Говоря с ними, Фурман изо всех сил старался показать, что в их жутких губных и горловых судорогах и закатываемых глазах для него нет ничего необычного, что он никуда не торопится и готов к пониманию и диалогу. От старания он вскоре и сам стал слегка заикаться, кстати, очень раздражив этим родителей, и без того обеспокоенных тем, что его пребывание в больнице затягивается. Он чувствовал, что сад каким-то странным образом влияет на него – упрощая, отдаляя от дома и как бы потихоньку втягивая в свою землю, словно он стал одним из деревьев и его место теперь должно быть только здесь… Впрочем, возможно, это было всего лишь следствием воздействия здоровой "казарменной" жизни вкупе с маленькими успокоительными таблеточками, которые всем пациентам приходилось глотать после завтрака.
По слухам, перед выпиской в отделении должен был состояться какой-то общий праздник со странным названием "Большой сеанс". Как объяснил Юра, для заикающихся, которые наряду с БЗ были главными действующими лицами праздника, это был кульминационный момент всего лечения. На "сеансе" с ними происходило что-то такое, после чего они, по идее, должны были вообще перестать заикаться. Конечно, успех не мог быть стопроцентным, но элемент непредсказуемости и риска лишь увеличивал общее напряжение, поскольку все присутствующие должны были изо всех сил "болеть" за тех, кто выходил на сцену, – а на "Большой сеанс" приглашались не только все обитатели отделения, но и их родственники, близкие друзья с "воли" (если у кого-то такие были) и даже бывшие пациенты. Однако раскрывать подробности происходившего Юра отказался: мол, это очень серьезное и тонкое дело, от которого зависит судьба людей, поэтому лучше поменьше болтать об этом и, если повезет, увидеть все своими глазами. Фурман спросил, надо ли ему звать своих родителей. Подумав, Юра сказал, что, наверное, они тоже могут прийти, если захотят, хотя к фурмановскому диагнозу все это имеет косвенное отношение и в любом случае надо спросить об этом у кого-нибудь из начальства. Явно переступая опасную грань, Фурман поинтересовался, какой же у него диагноз, и опытный Юра неохотно и с оговорками произнес слово "психопатия". Фурмана это почему-то поразило. "А что, очень заметно, что я псих?" – глупо спросил он. Юра отделался мизантропической шуткой.

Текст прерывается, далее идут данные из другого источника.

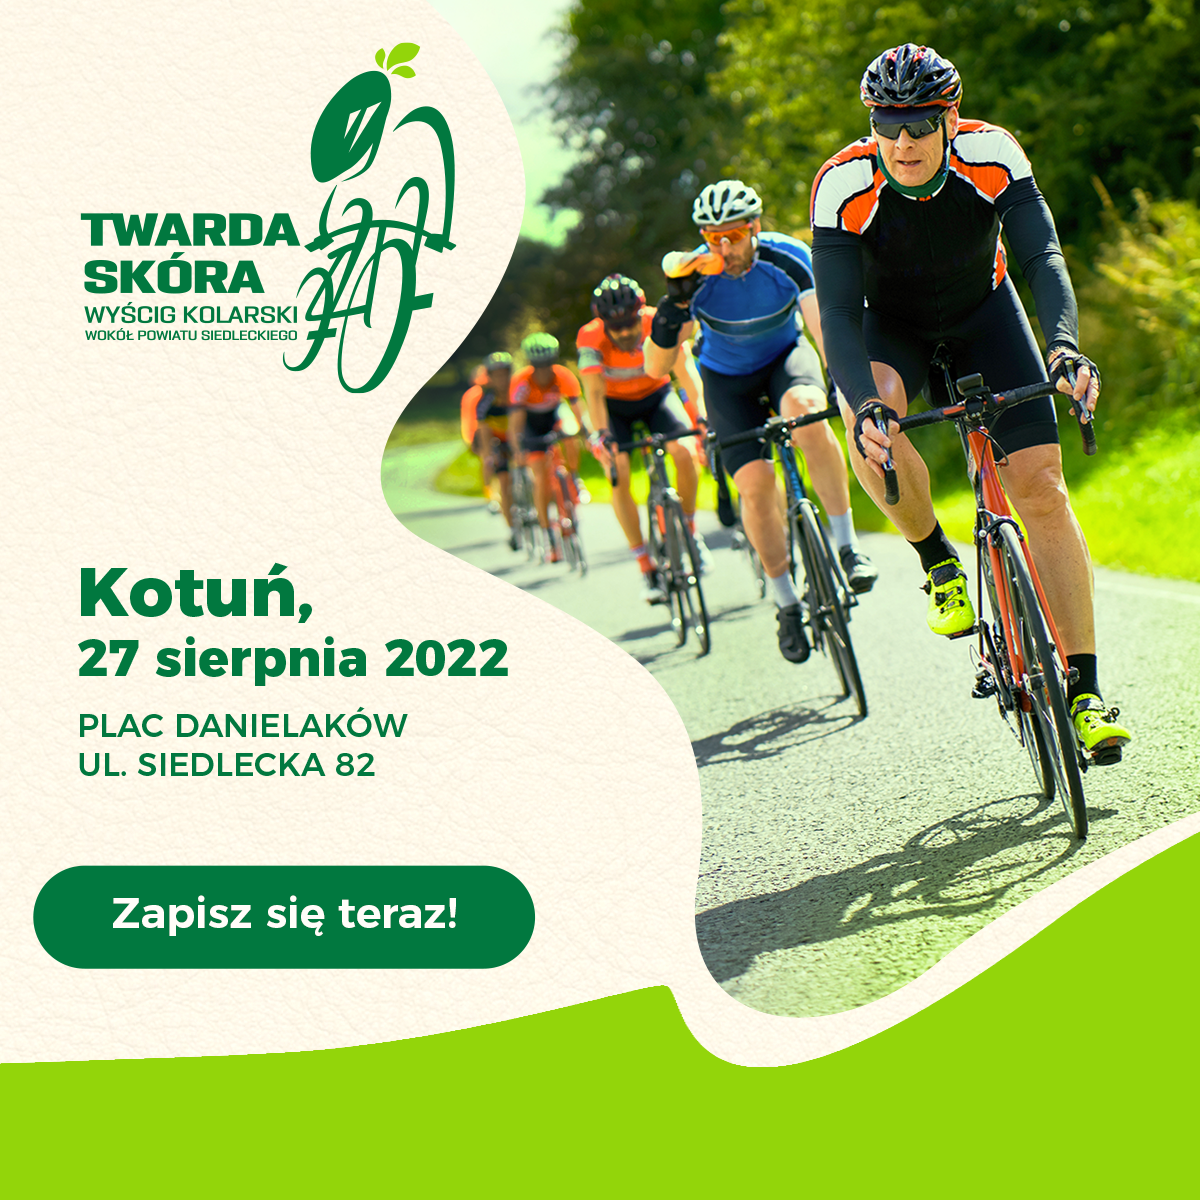 plakat promujący wyścig kolarski "Twarda Skóra" który odbędzie się 27 sierpnia.

На сеанс действительно собралось очень много гостей, некоторые приехали целыми семьями, захватив с собой празднично наряженных маленьких детей; то там то здесь возникали очаги радостного узнавания и "братания" повзрослевших бывших пациентов, кто-то уже плакал, детишки с воплями носились по двору, у сестер и нянечек были растроганные лица, повсюду театрально колыхались букеты цветов, – среди всего этого необычного столпотворения и мельтешения нынешние обитатели отделения бродили серыми завистливыми тенями, словно ночные существа, вдруг вытащенные на яркий дневной свет из своих тихих призрачных укрытий. Фурман несколько раз уходил в закрытый для других сад и отсиживался там, оберегая свою молоденькую кору от разрушительных разрядов чужих чувств.
Наконец вся толпа кое-как расселась в зале на втором этаже. Фурман заметил, что из нынешних пришли не все – самые нервные спрятались или, воспользовавшись выходными, поспешили разбежаться по домам.